INFORMATION PROVIDED
--
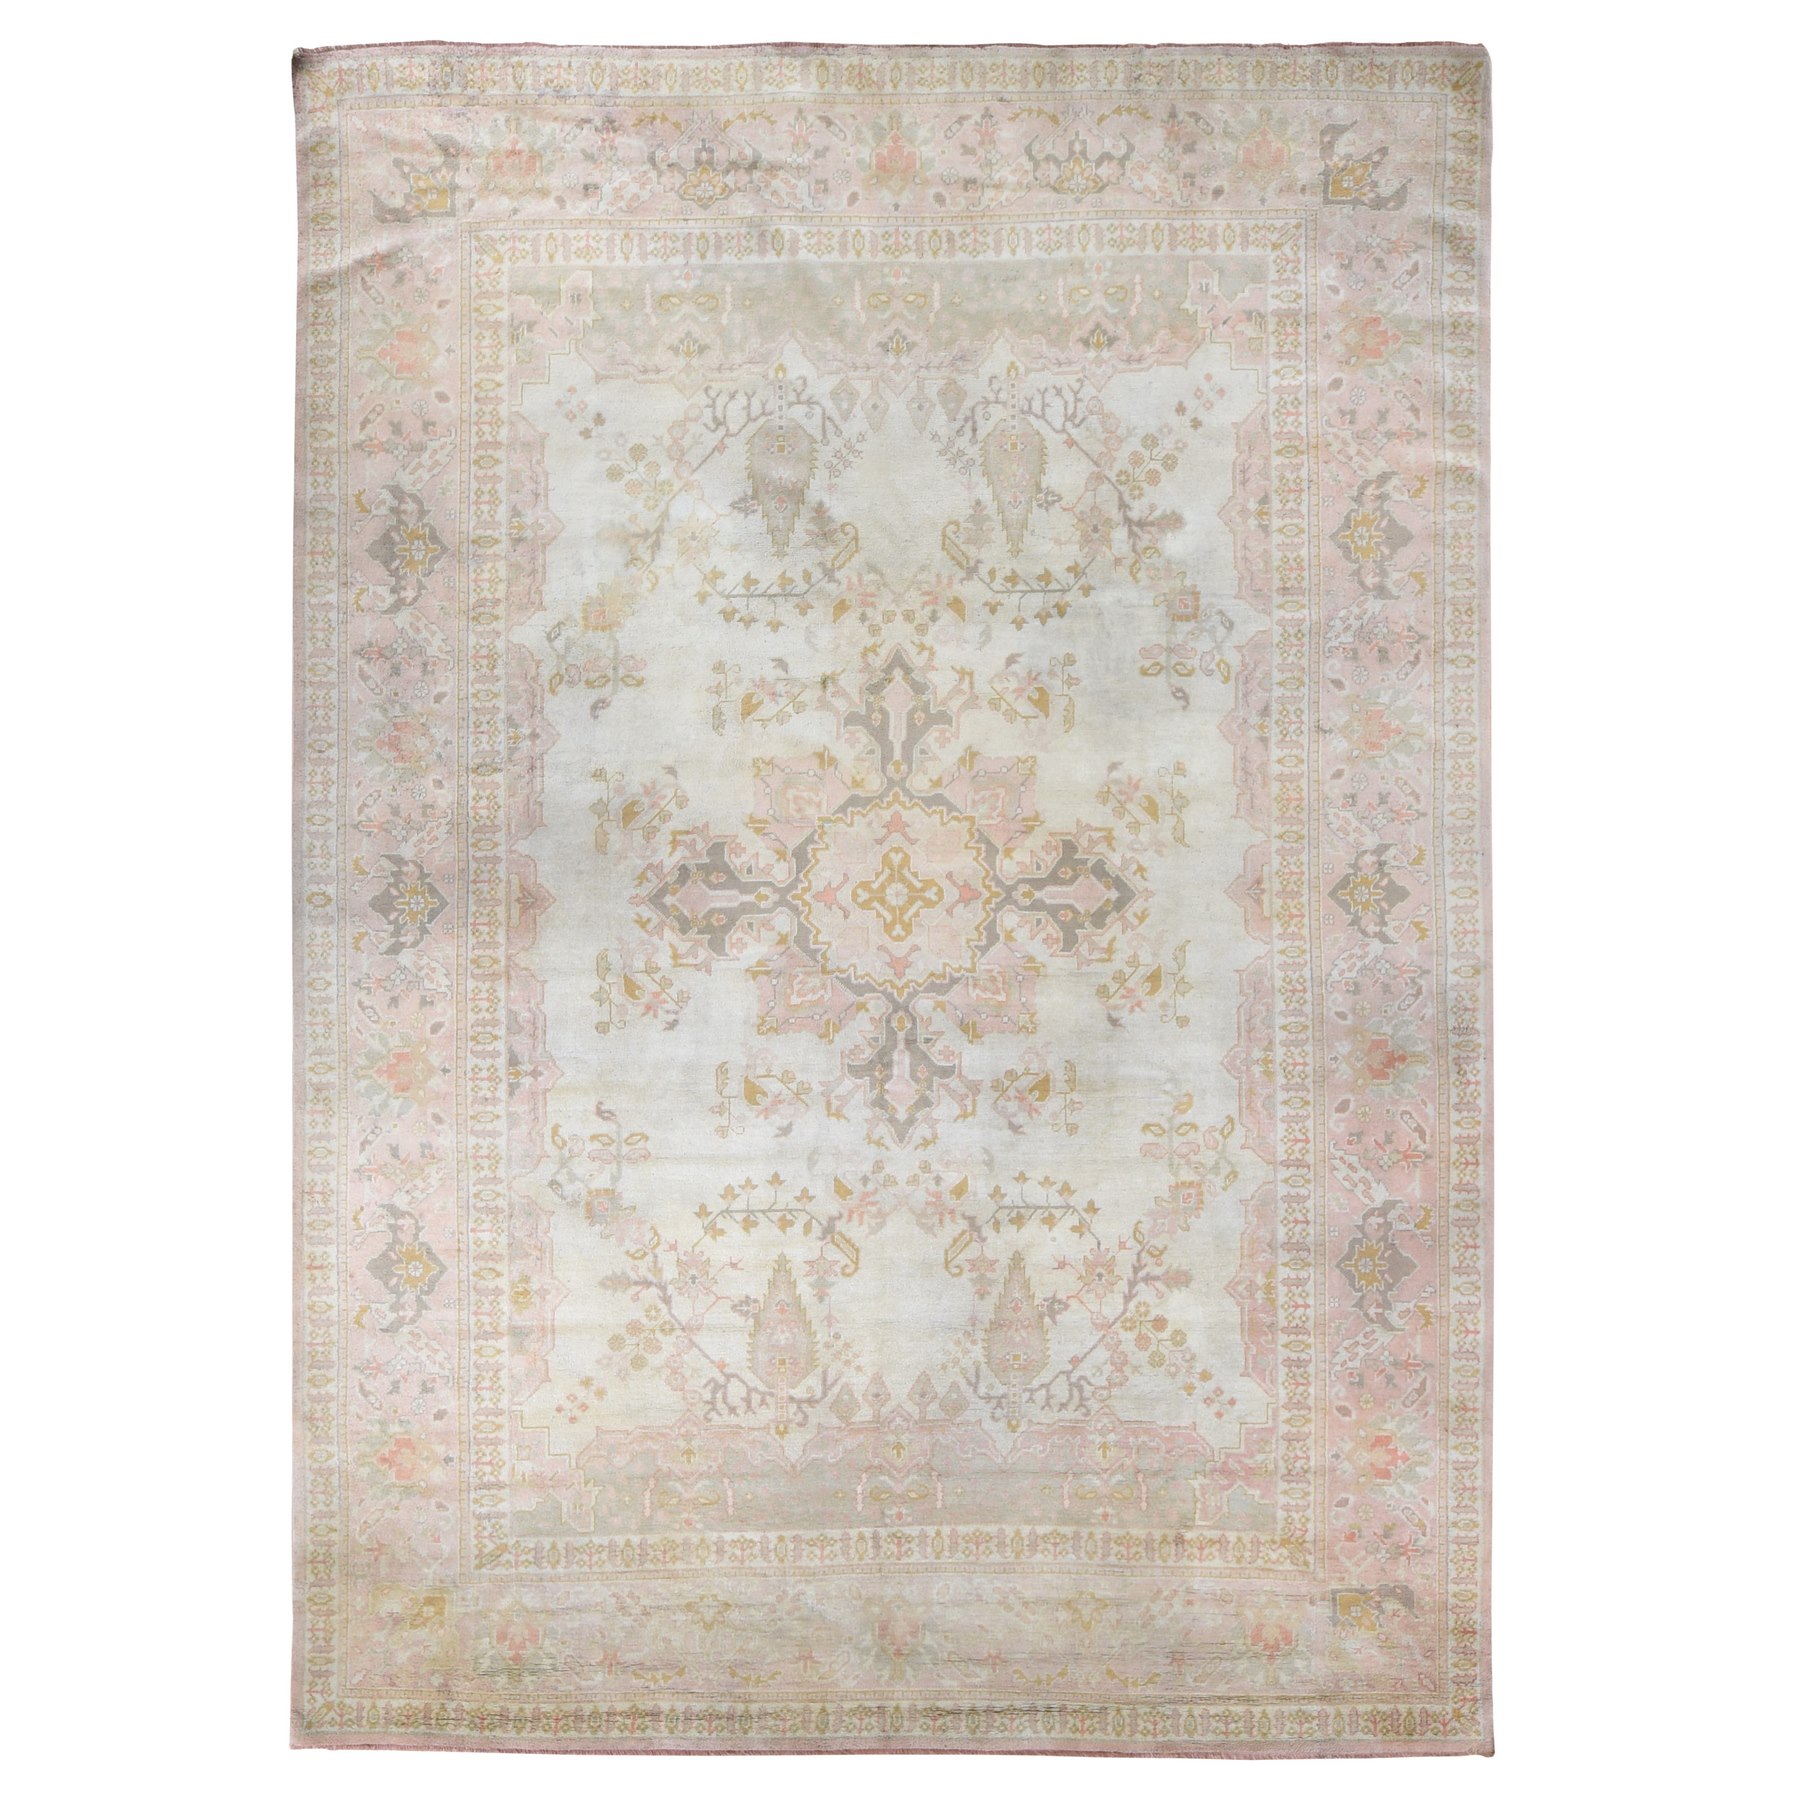 11'x16' Cream Color, Antique Turkish Oushak with Soft Pastel Colors, Clean, Nice Soft Pile Throughout, Sides and Edges Professionally Secured, Hand Woven, Pure Wool Oversized Oriental Rug 
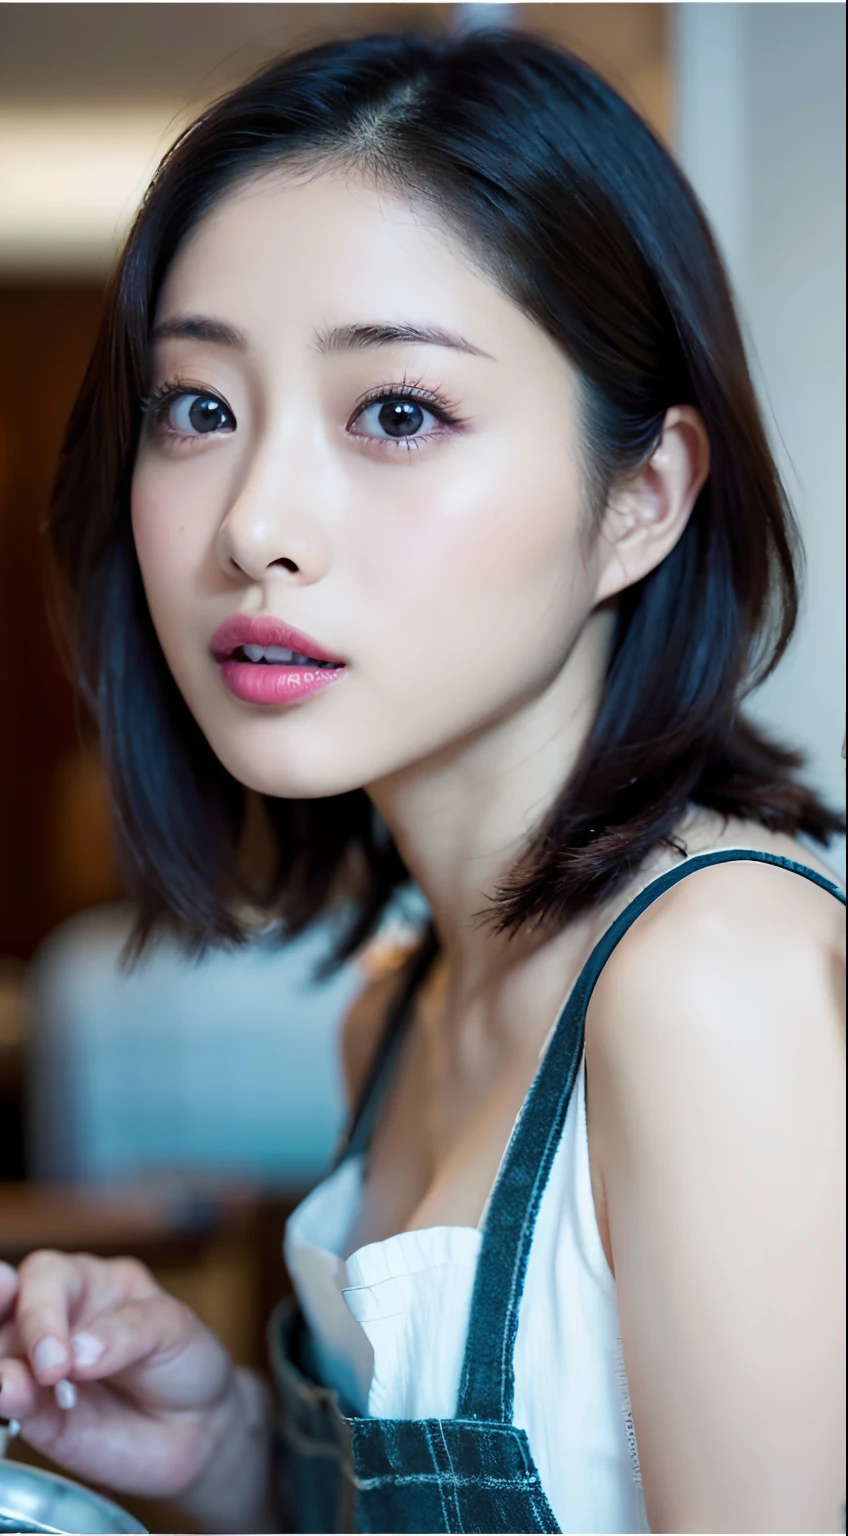 (((Off shot of Satomi Ishihara)))、(8K、Raw photography、top-quality、masuter piece:1.2)、Ultra-detail、ultra res、(realisitic、rialistic photo:1.37)、portlate、high-definition RAW color photography、Professional Photography、highly detailed and beautiful、ighly detailed、8K Picture Wallpaper、amazing detailed、huge filesize、Official art、Highly detailed CG Unity 8K wallpapers、highly detailed beautiful girl、extra detailed face、extremely detailed eye、highlydetailed skin、extremely detailed fingers、highly detailed nose、very detailed detailed mouth、Perfect Anatomy、Detailed background、Detailed clothing、1 girl、(20:1.2)、Cute  s、(Satomi Ishihara)、Realistic body、Petite、(white-skinned)、glistning skin、Glamour body、A darK-haired、a short bob、(bluntbangs: 1.2)、kawaii faces、Realistic face、Delicate eyes、Sauce order、((FULL BODYSHOT))、((Full nude and wearing an apron))、((Pull shot))、(Wearing a necklace)、((Frontal shot))、Looking at the camera、Contrapo、Dynamic Lighting、((huge tit:1.2))、Beautiful legs、Emphasize cleavage、 (Full nude Satomi Ishihara)、(((Big lips that sparkle)))
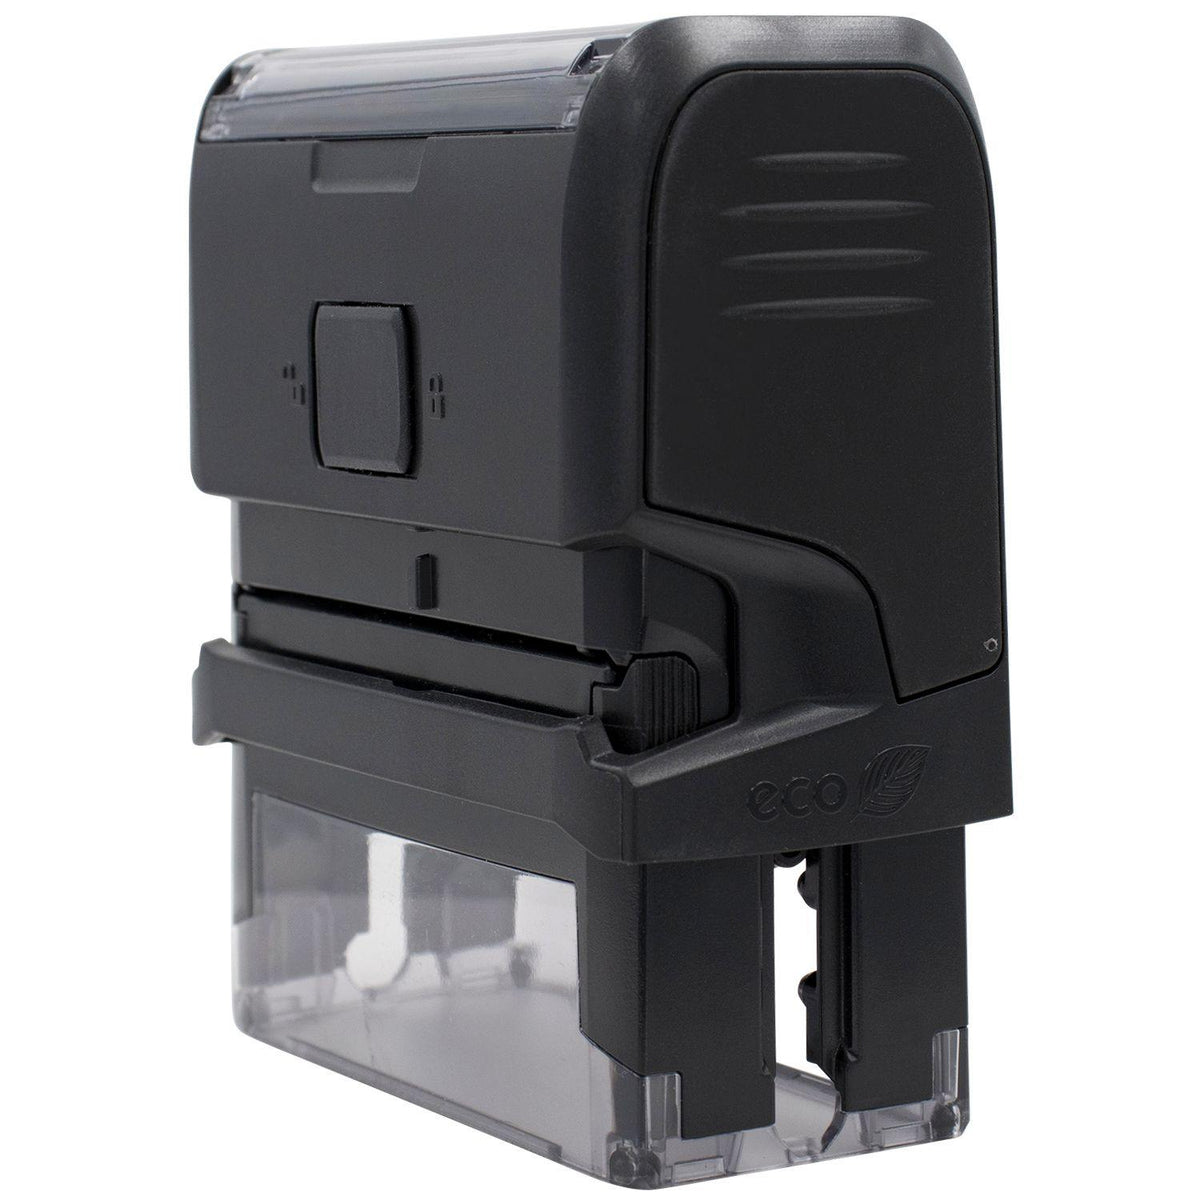 Side View of Large Self Inking Client Copy Stamp at an Angle
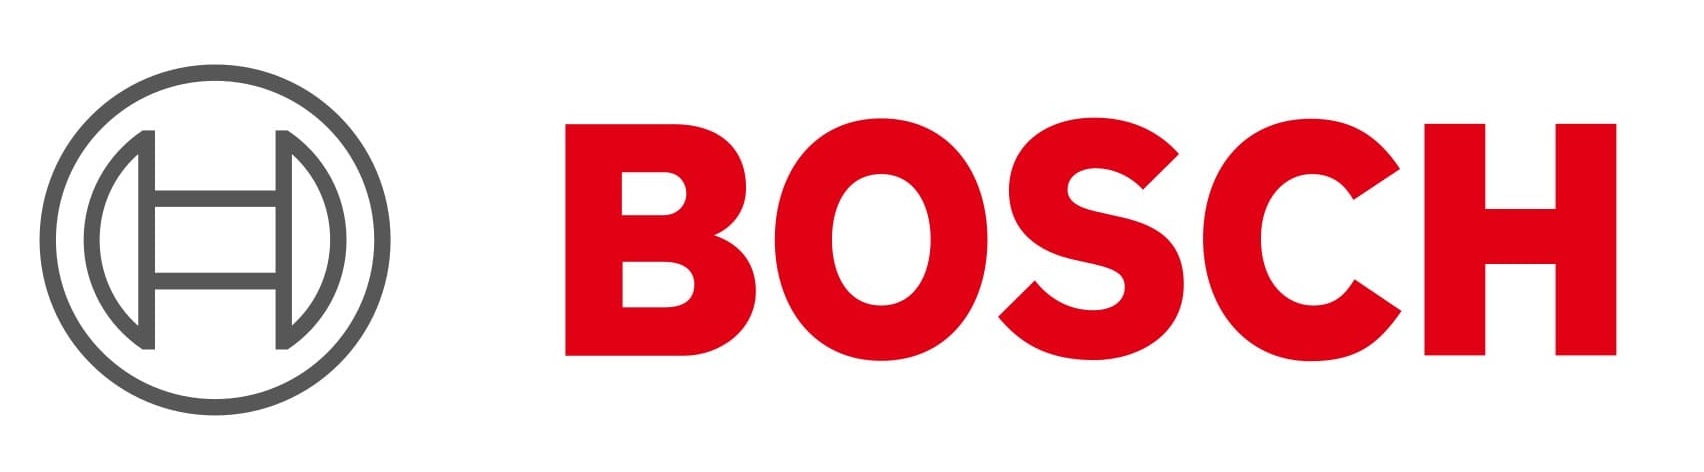 BOSCH Repair Ovens, Viking Stoves Oven Service
--
WORK TASK
Starting with the line that contains "Side View of", give the lines again exactly as they appear through the last line of the data, pictures excluded.

SOLUTION
 Side View of Large Self Inking Client Copy Stamp at an Angle
 BOSCH Repair Ovens, Viking Stoves Oven Service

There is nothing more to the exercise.